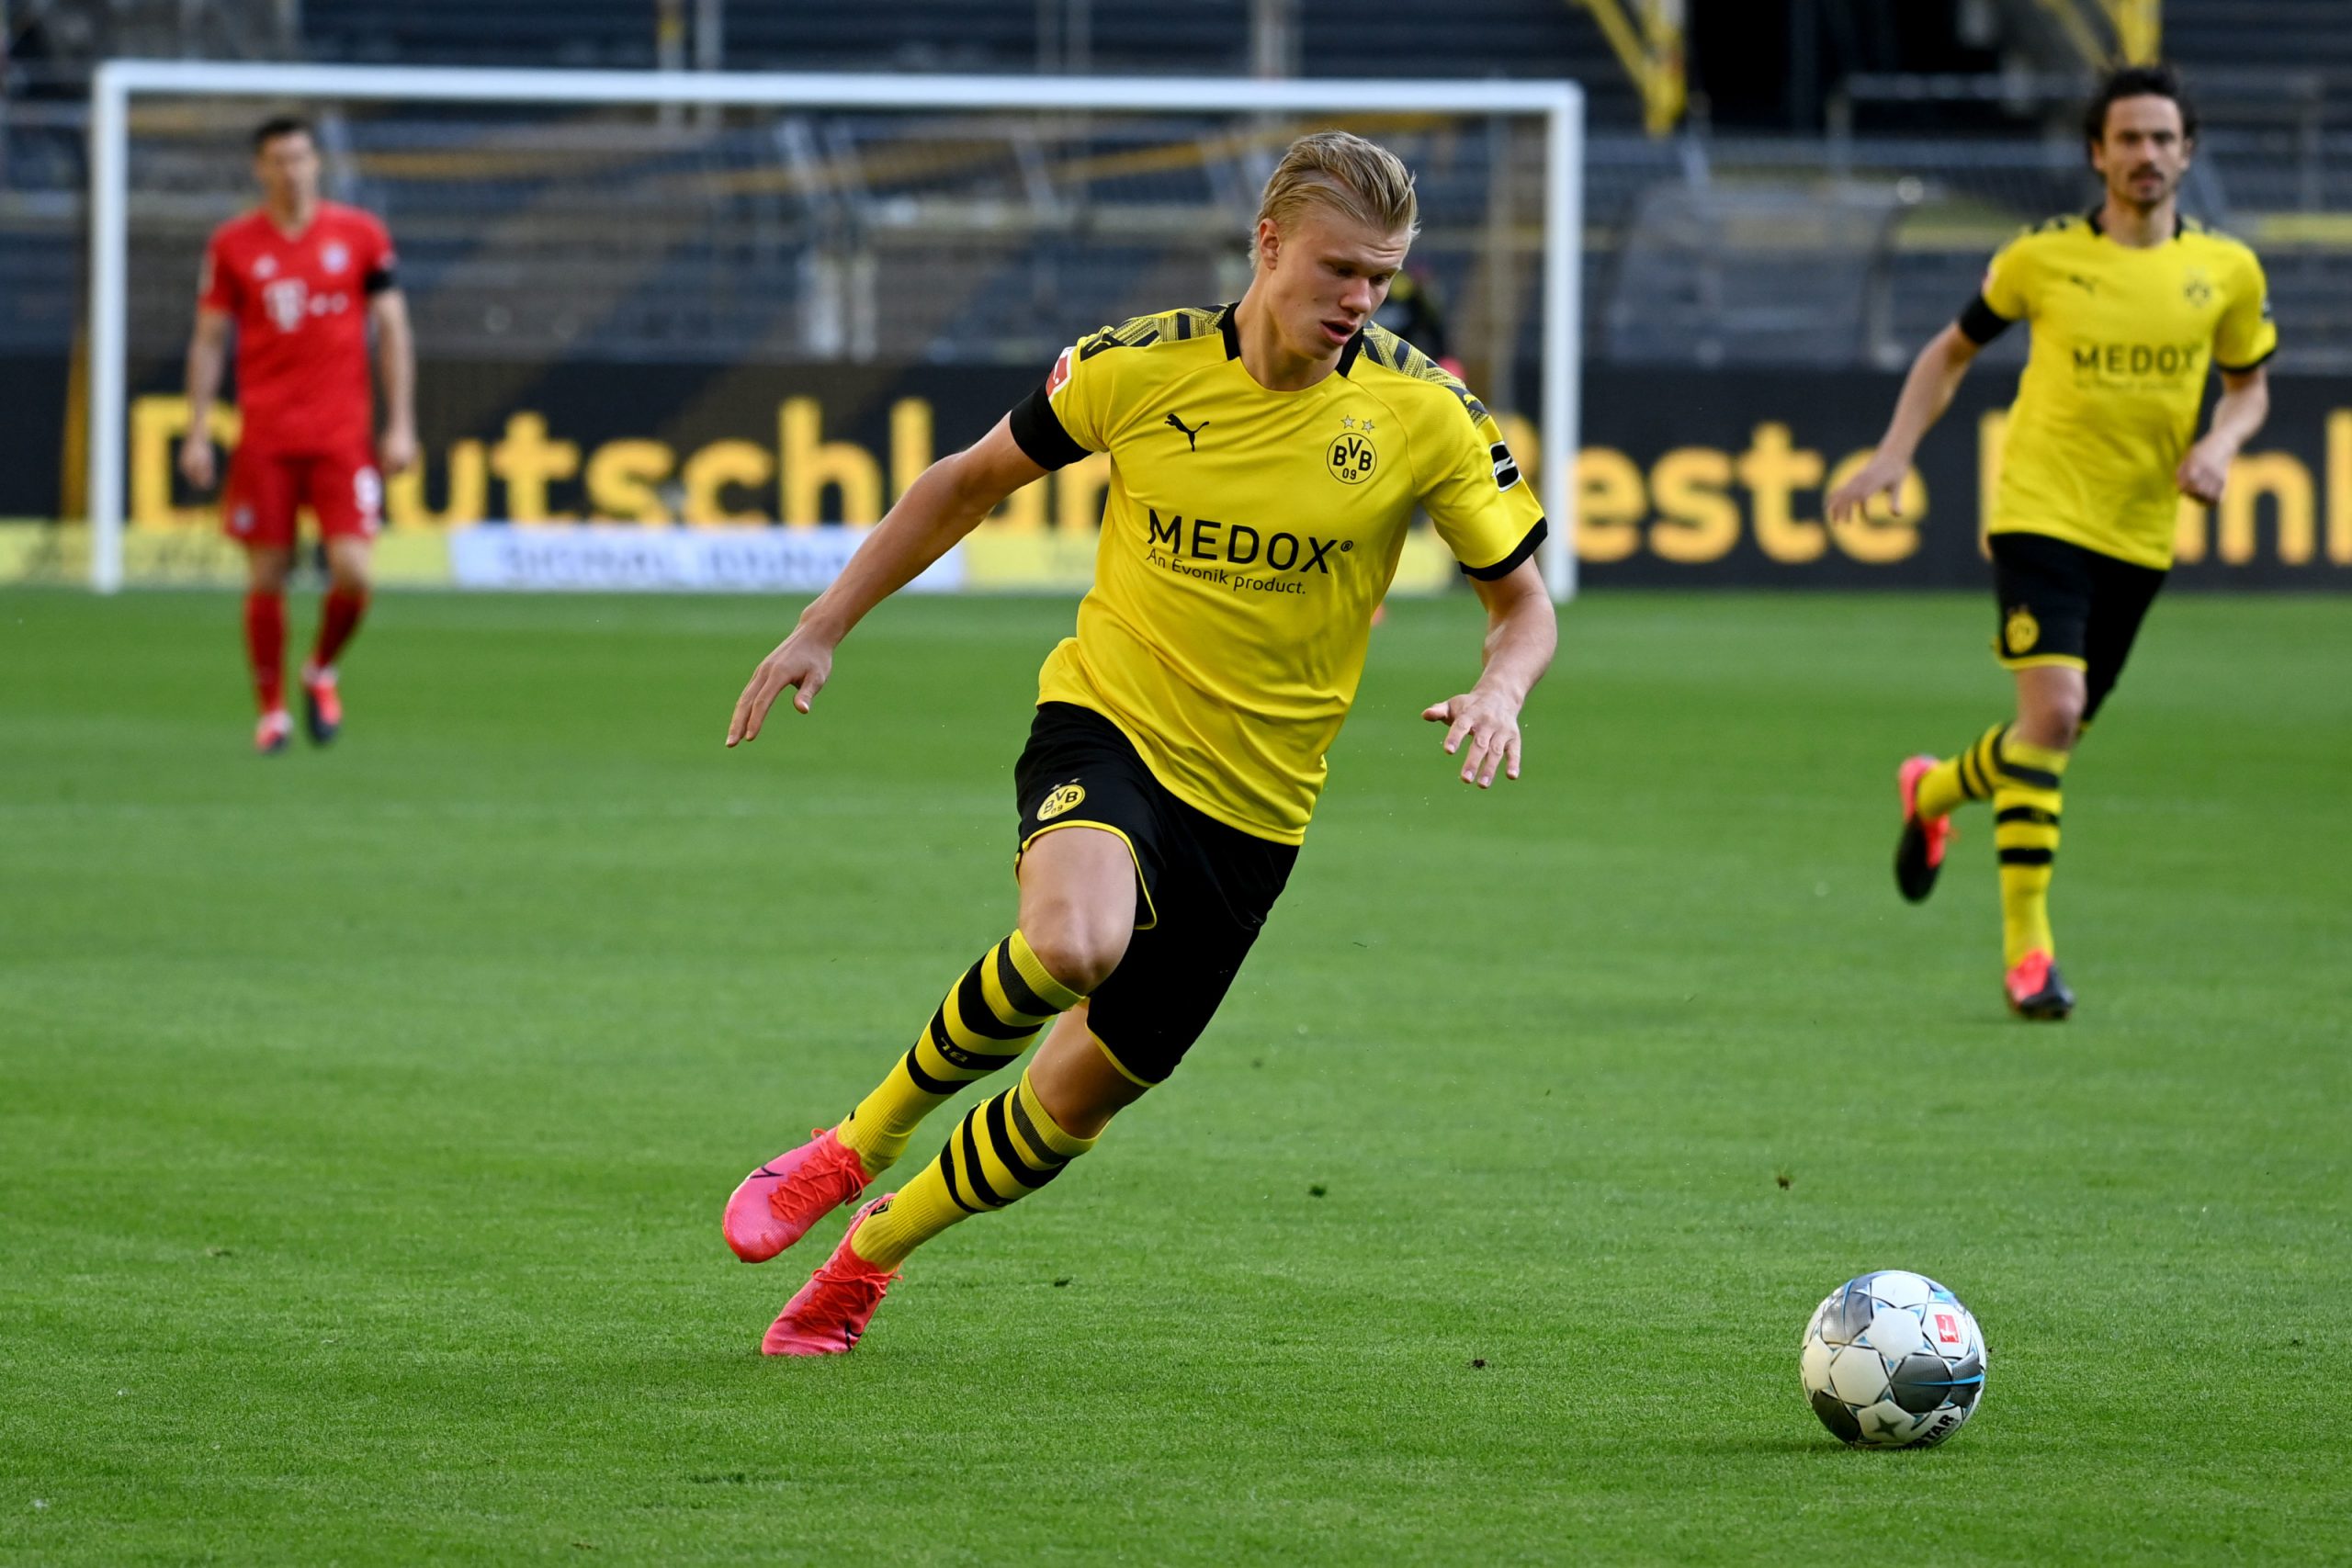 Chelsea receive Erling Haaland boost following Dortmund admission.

----

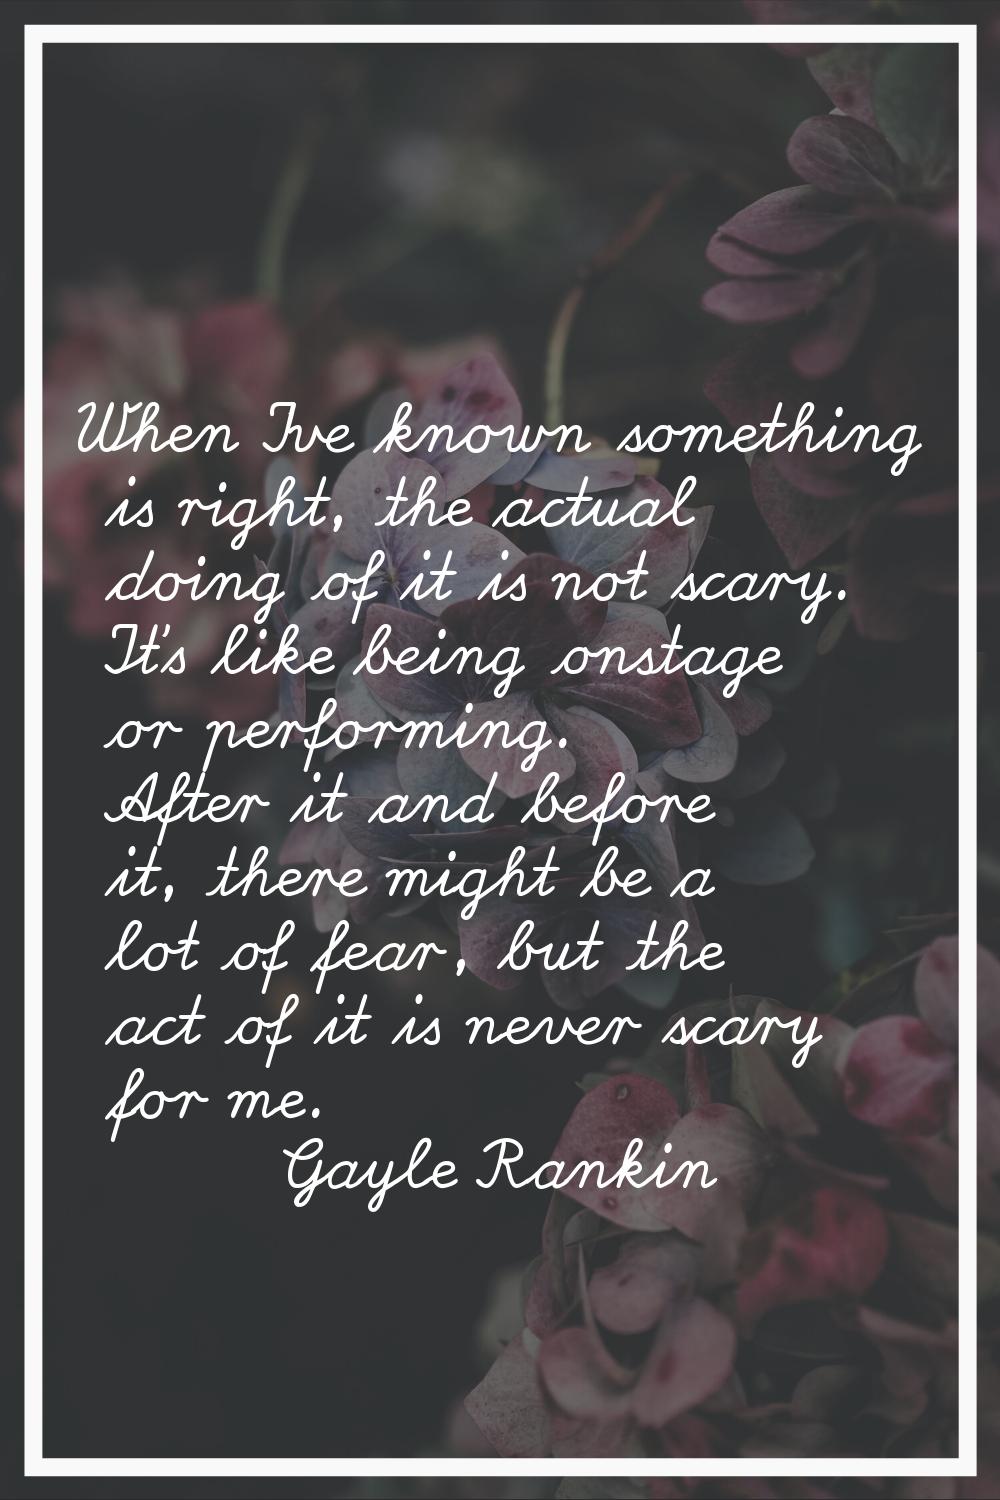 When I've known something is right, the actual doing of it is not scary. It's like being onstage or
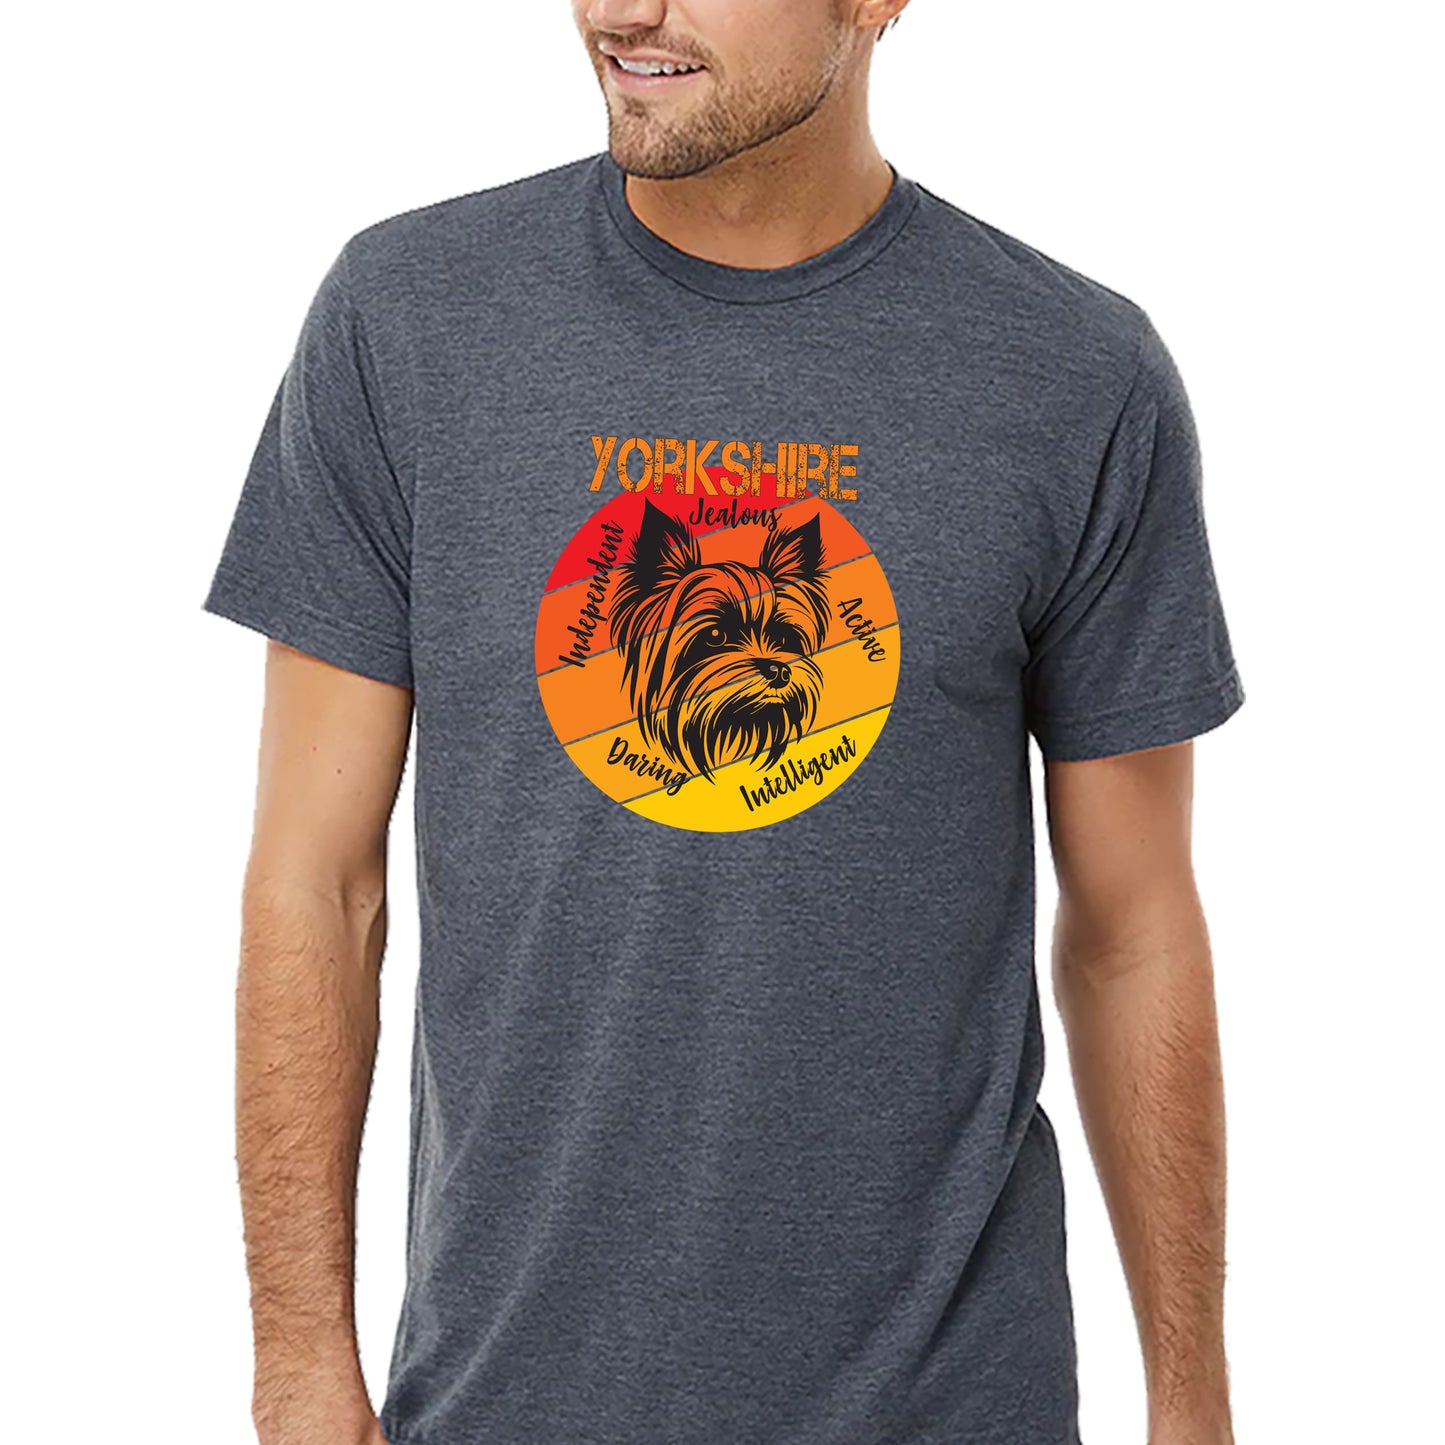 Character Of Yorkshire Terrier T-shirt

----

Every line above between the one containing "When I've known" and the one containing "Character Of Yorkshire Terrier T-shirt", those two included, is to be printed exactly. No pictures go into the copy.

 When I've known something is right, the actual doing of it is not scary. It's like being onstage or
 Character Of Yorkshire Terrier T-shirt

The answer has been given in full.